_Assignment_
Write out the line with "10-Free-Coffee-Cozy-Crochet-Patterns-on-EverythingEtsy.com_ (1)" and every later line through the end of the data below, exactly as given, with no pictures in the copy.

_Data_
"""

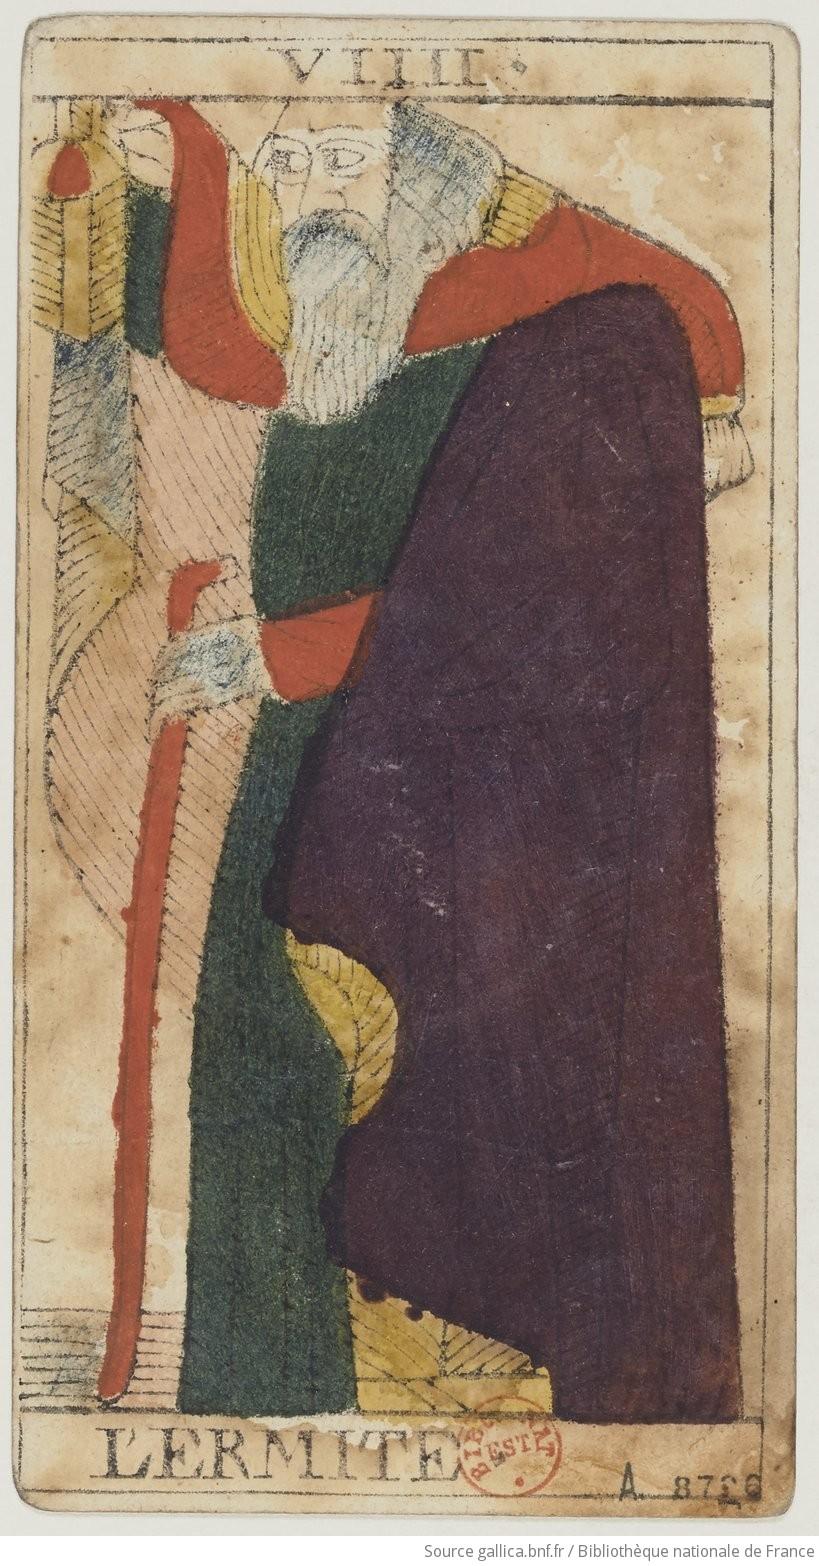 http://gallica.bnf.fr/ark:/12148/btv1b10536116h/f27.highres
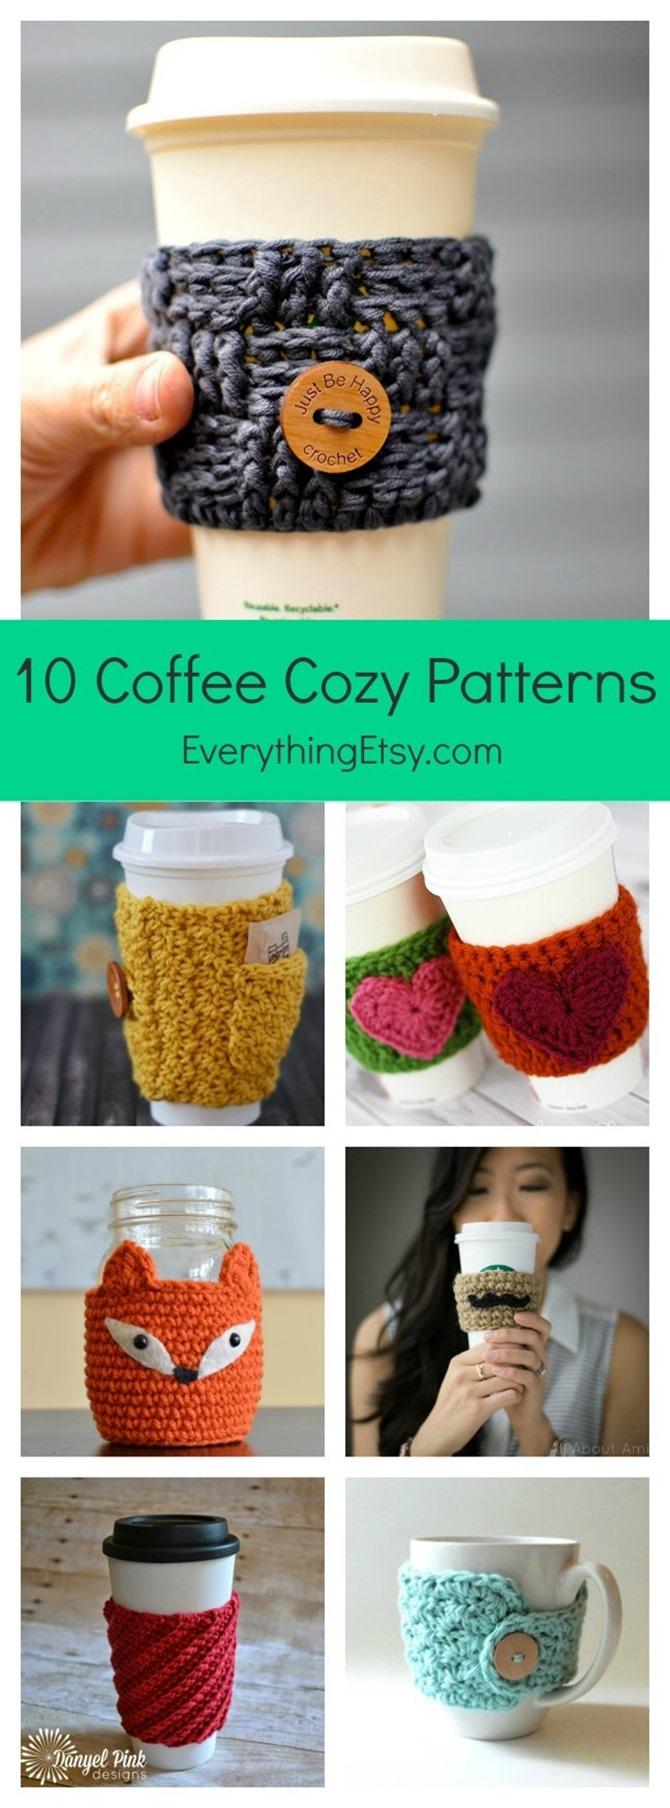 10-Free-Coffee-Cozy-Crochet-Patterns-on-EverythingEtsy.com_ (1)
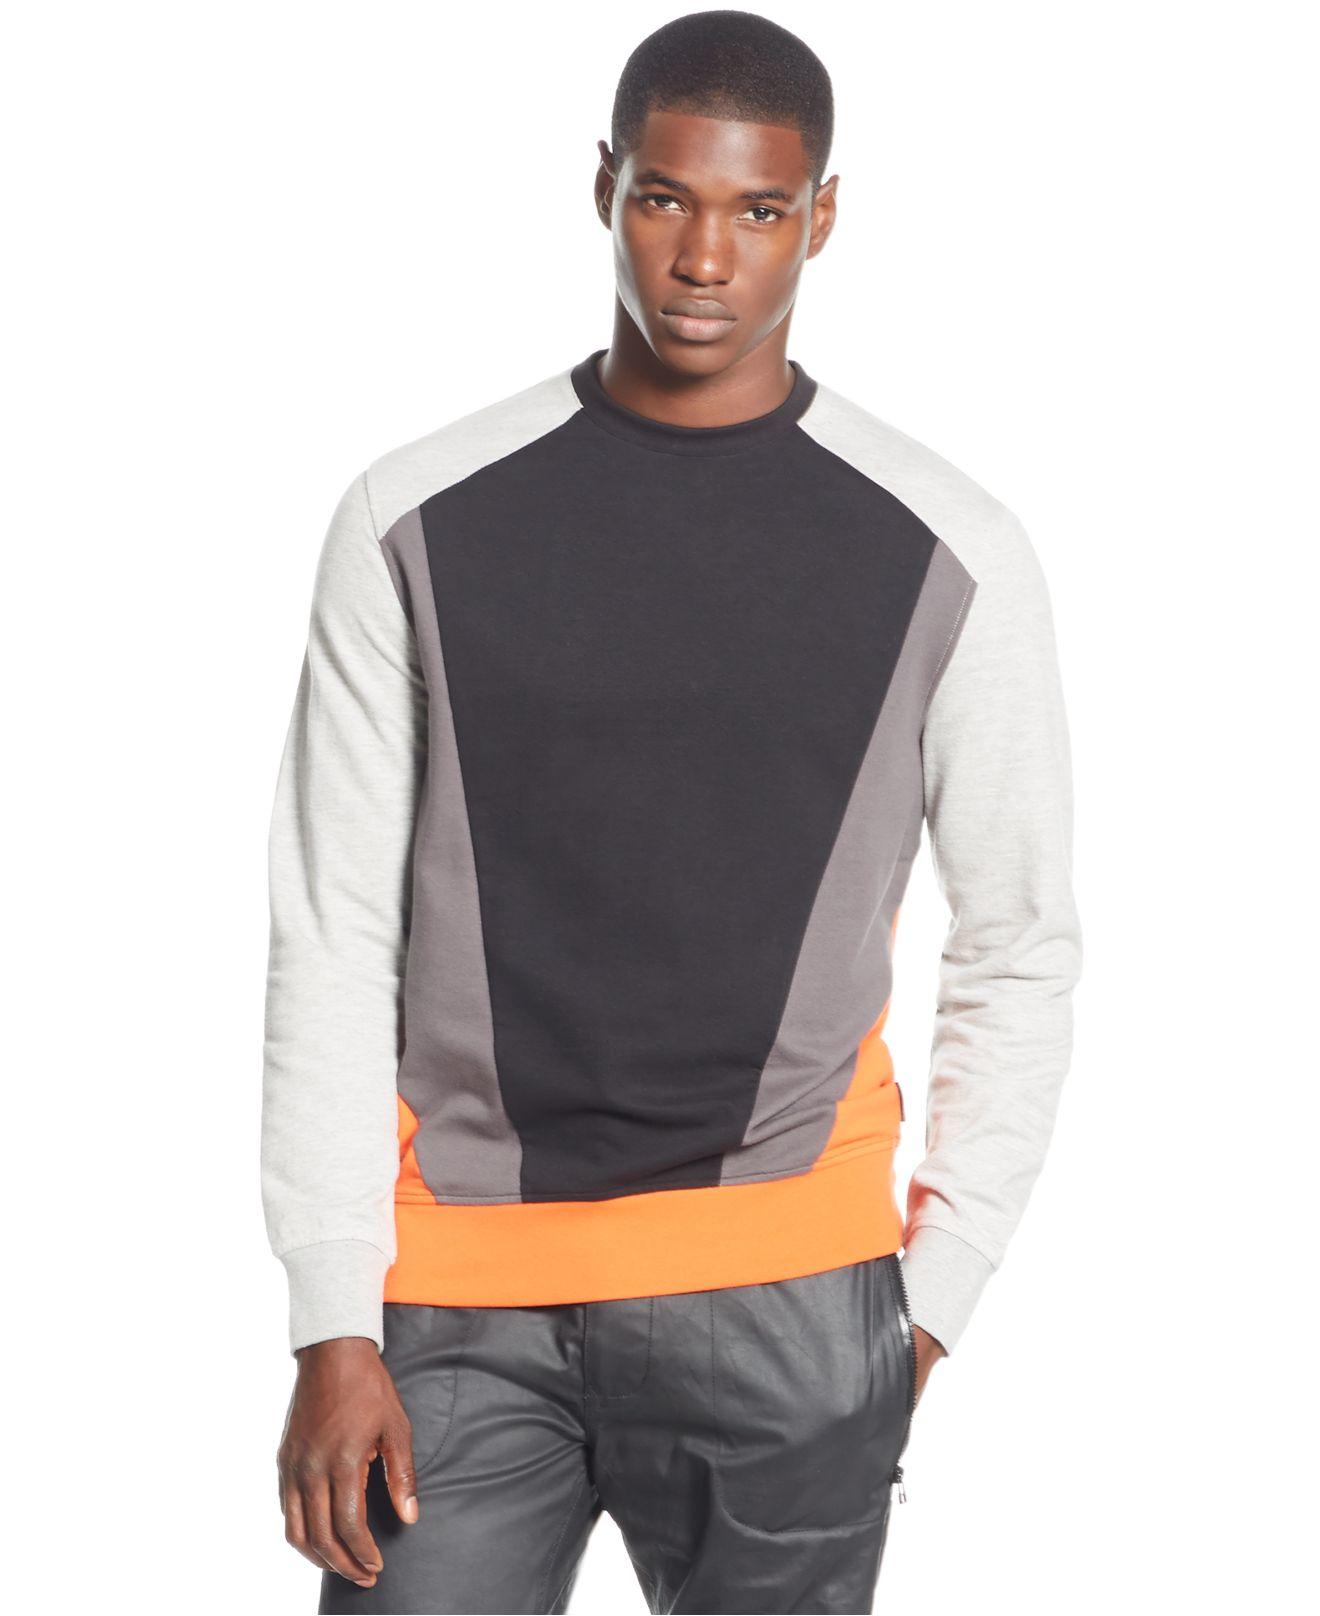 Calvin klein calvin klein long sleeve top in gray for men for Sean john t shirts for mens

"""

_Answer to the problem_
 10-Free-Coffee-Cozy-Crochet-Patterns-on-EverythingEtsy.com_ (1)
 Calvin klein calvin klein long sleeve top in gray for men for Sean john t shirts for mens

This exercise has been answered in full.